Urkunden und verwandte Quellen

Neben historiographischen und hagiographischen Werken stellen Urkunden die wichtigsten Quellen für den Mediävisten dar. Über viele Bereiche lassen sich aus Urkunden Informationen entnehmen. Aufgrund ihrer dichten Überlieferung wird das Mittelalter auch als Urkundenzeitalter bezeichnet. (Die Neuzeit wird hingegen als Aktenzeitalter verstanden.)

Urkunden

Der Definition nach wird unter einer Urkunde "ein unter Beobachtung bestimmter Formen angefertigtes und beglaubigtes Schriftstück über Vorgänge rechtserheblicher Natur" (von Brandt, Werkzeug: 82) verstanden. Obwohl eine Urkunde für mittelalterliche Rechtsgeschäfte nicht zwingend notwendig war, da sie meist nur mündlich abgeschlossene Rechtshandlungen nachträglich bestätigte, zeigt ihre dichte Überlieferung, dass die Verschriftlichung für die mittelalterlichen Menschen einen hohen Stellenwert hatte. Durch die Analyse sind Einblicke besonders in das Recht, die Verfassung, die Gesellschaft und Wirtschaft des Mittelalters möglich. Die Hilfswissenschaft, die sich mit den Urkunden beschäftigt, ist die Diplomatik. Zur Vermeidung von Überschneidungen sei deswegen hier auf die "Lerneinheit Diplomatik" unter "Hilfswissenschaften" verwiesen, in der die wesentlichen Aspekte, die die Urkunden betreffen, dargestellt werden.

Formelsammlungen

Formelsammlungen oder lateinisch auch "formulae" waren Muster für die Urkundenausfertigung. Sie beinhalten echte und nur für die Formelsammlung erstellte Urkunden, die sich auf verschiedene Rechtsgeschäfte beziehen. An der Stelle, an der die Namen der Empfänger etc. stehen, sind hier in der Regel als Platzhalter "N." oder "ille" (= jener) vermerkt. Diese Urkunden haben zwar keine Rechtskraft, zeigen dem Forscher aber für welche Rechtsgeschäfte Bedarf an Vorlagen in einer Kanzlei herrschte. Auch die Gepflogenheiten einer Kanzlei und die Bewertung der urkundlich zu dokumentierenden Zustände können erschlossen werden. Durch die Formulae wurde zudem der Zustand des Gewohnheitsrechts dokumentiert. Es sind einige Sammlungen schon aus den Germanenreichen erhalten, die das Urkundenwesen von den Römern übernommen hatten. Die fränkischen Formulae Andegavenses gehen auf das Ende des 6. Jahrhunderts zurück. Am berühmtesten sind aber wohl die Formulae Marculfi. Aus der Kurie sind Formelbücher seit dem 13. Jahrhundert überliefert. Im Hoch- und Spätmittelalter fallen Brief- und Urkundenbücher vielfach zusammen. Die überlieferten Formulae aus der Reichskanzlei stammen erst aus dem Spätmittelalter.
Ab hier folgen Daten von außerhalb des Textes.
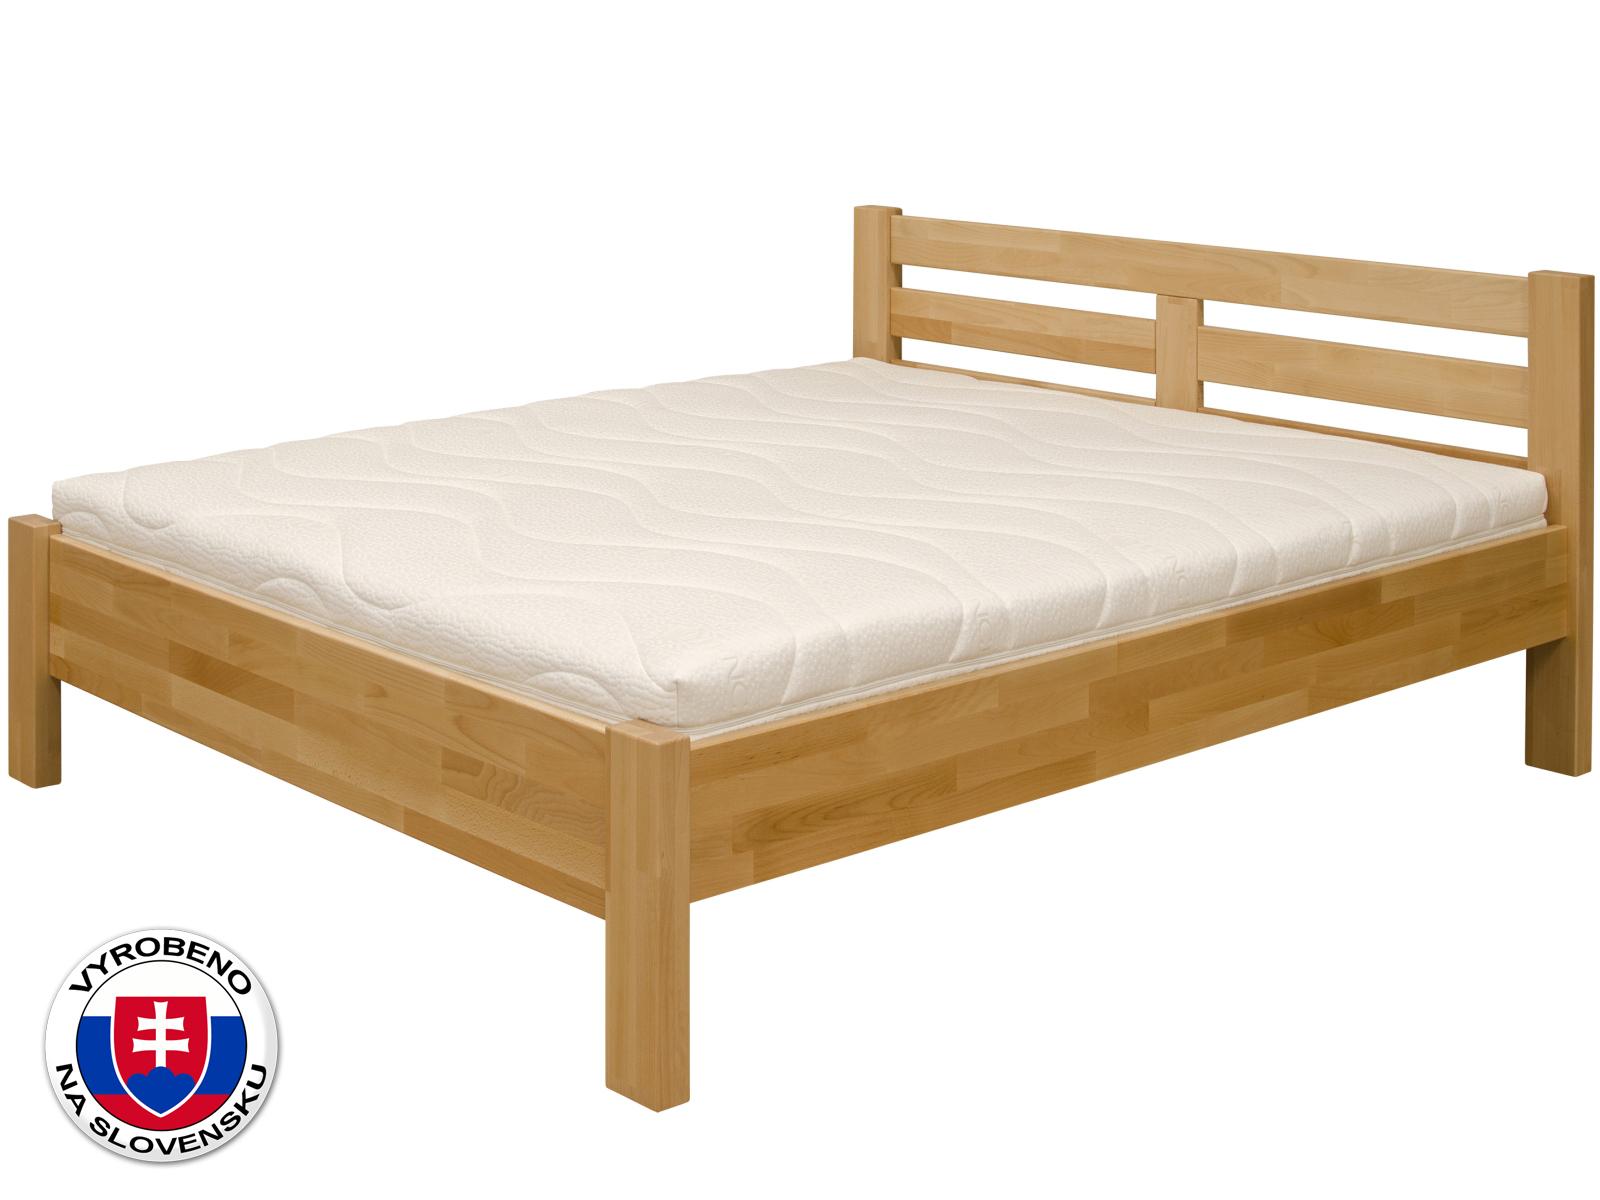 Manželská postel 180 cm - Purtex - Mia (masiv)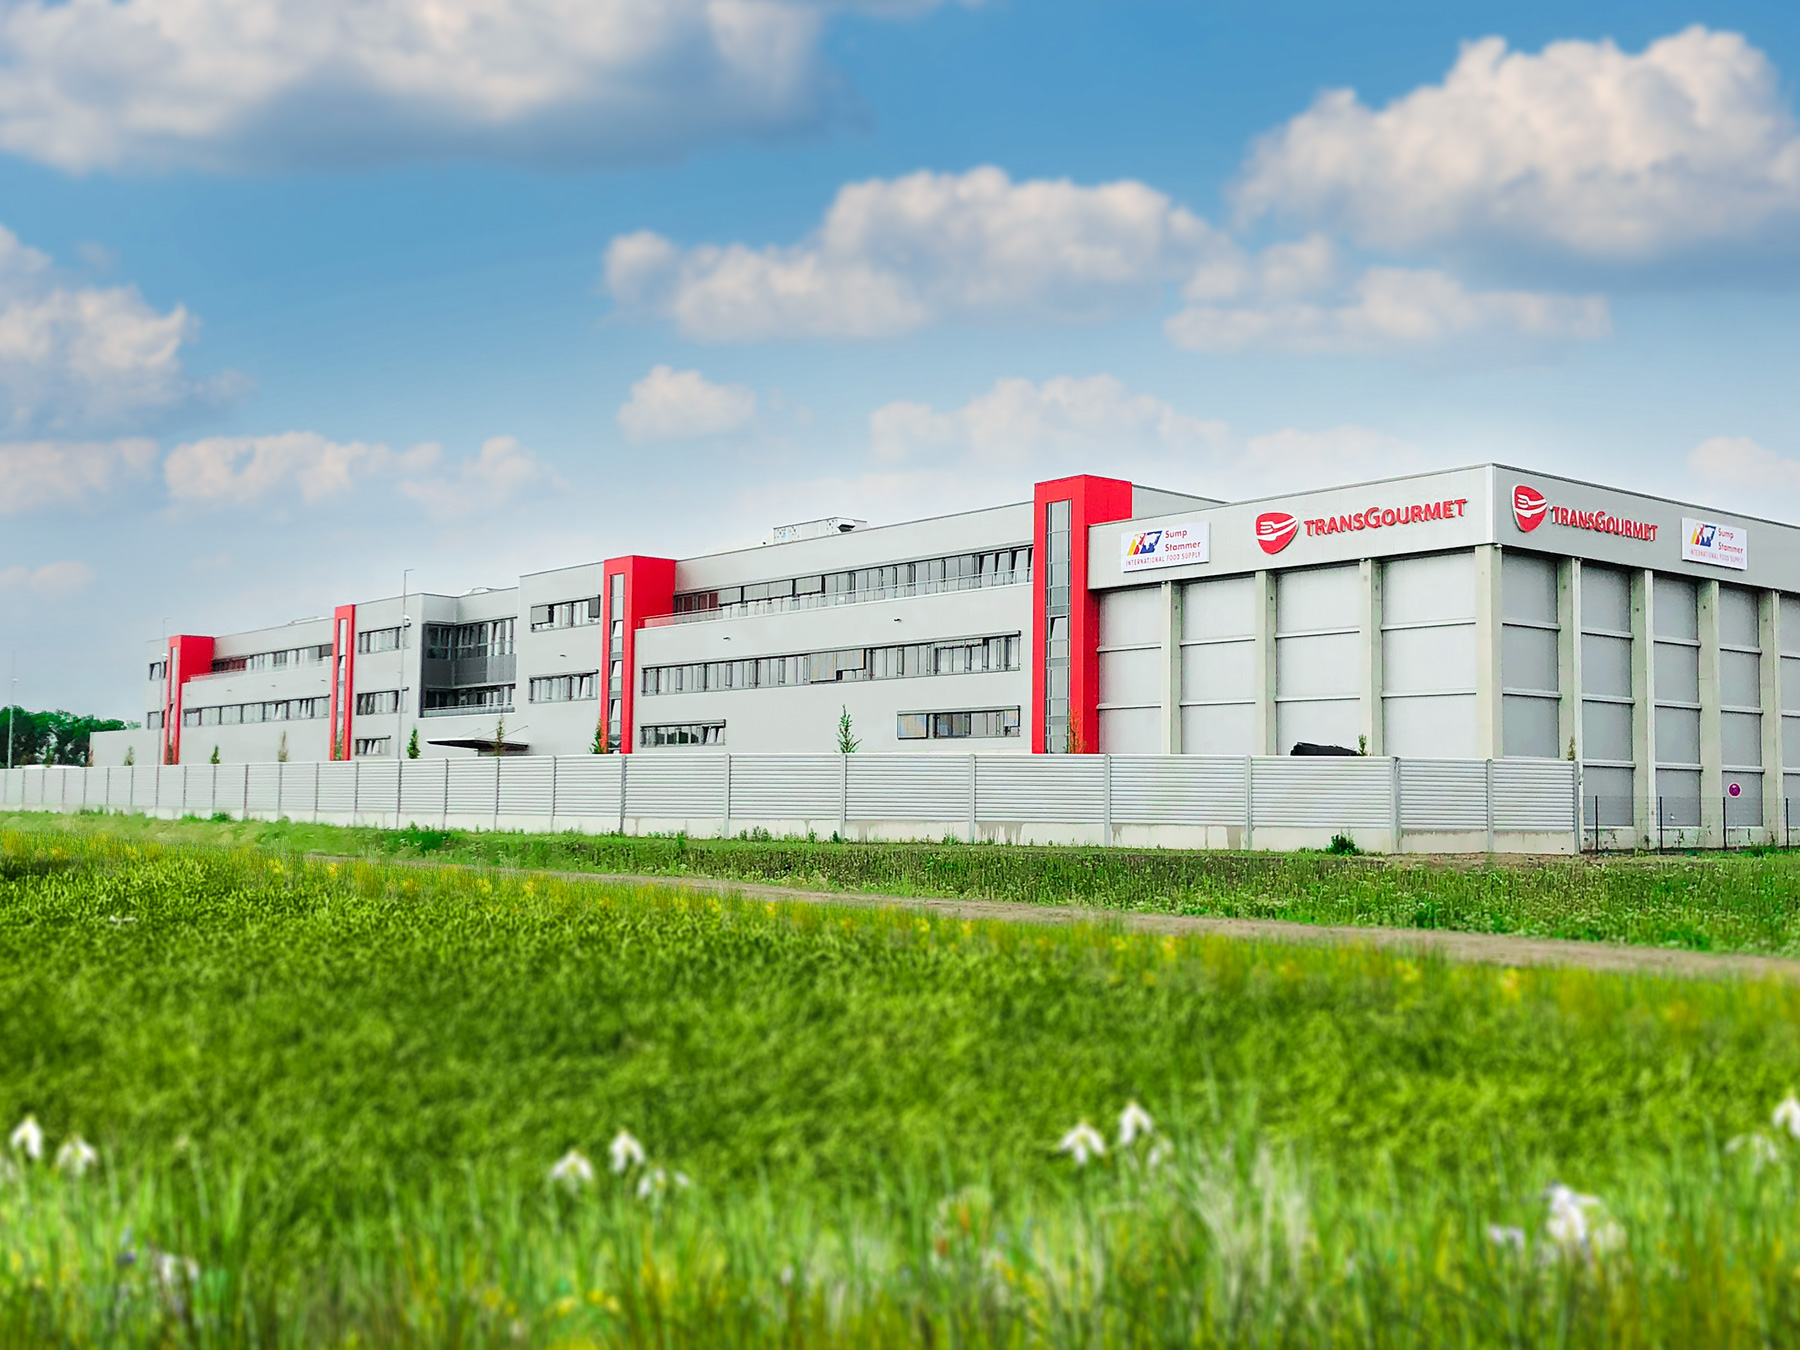 Hermann Schulten GmbH: Referenzobjekt TransGourmet Hamburg (Heizung & Sanitär)

Constitutiones und Reichstagsakten

Unter die Konstitutionen fallen Dokumente vielfältiger Formen und Inhalte. Es gehören dazu wichtige Verfassungsurkunden wie die "Goldene Bulle" von 1365, die die Wahl des römisch-deutschen Königs regelte, die Konkordate zwischen Kaiser und Papst - am bekanntesten dürfte das Wormser Konkordat von 1122 sein, das den Investiturstreit beendete - und Verträge zwischen dem König und den geistlichen und weltlichen Großen (z.B. die englische "Magna Charta"). Innerhalb der Constitutiones müssen die Landfrieden, die die kirchlich-synodalen Gottesfrieden zum Vorbild hatten, als eigene Gruppe hervorgehoben werden. Sie sollten Gewaltakte verbieten und die innere Ordnung erhalten. Die ersten Landfriedensbestimmungen wurden von Heinrich IV. 1103 erlassen. 1235 erlebten sie im Mainzer Reichslandfrieden einen Höhepunkt. Die Reichstagsakten sind hingegen kein mittelalterlicher Quellentyp, sondern die neuzeitliche Zusammenstellung und der Name der entsprechenden Edition. Es sind Quellen, die im Reich während und begleitend bei der Abhaltung von königlichen und kurfürstlichen Reichstagen bzw. Städte- und Fürstentagen entstanden sind. Sie umfassen meist Ladungsschreiben, Teilnehmerlisten, Briefe, Gesandtenberichte, Protokolle, Reden, königliche Propositionen, Vorschläge der Stände und Abschiede (= die Ergebnisse der Reichstage). Der Quellenwert der Constitutiones und Reichstagsakten liegt schwerpunktmäßig auf der politischen Geschichte.

Testamente

Auch Testamente, die in bestimmten Formen abgefasst werden mussten, haben urkundlichen Charakter. In verschiedenen Formen gab es sie im ganzen Mittelalter. Die spätmittelalterlichen Bürgertestamente sind besonders zahlreich überliefert. Testamente geben Aufschluss über die Familien- und Besitzverhältnisse, das Familienbewusstsein sowie Sterbe- und Todesvorstellungen. Sie sind daher hervorragende Quellen für mentalitäts- und alltagsgeschichtliche Fragestellungen. Aus Herrschertestamenten sind hingegen politische Absichten besonders deutlich erkennbar.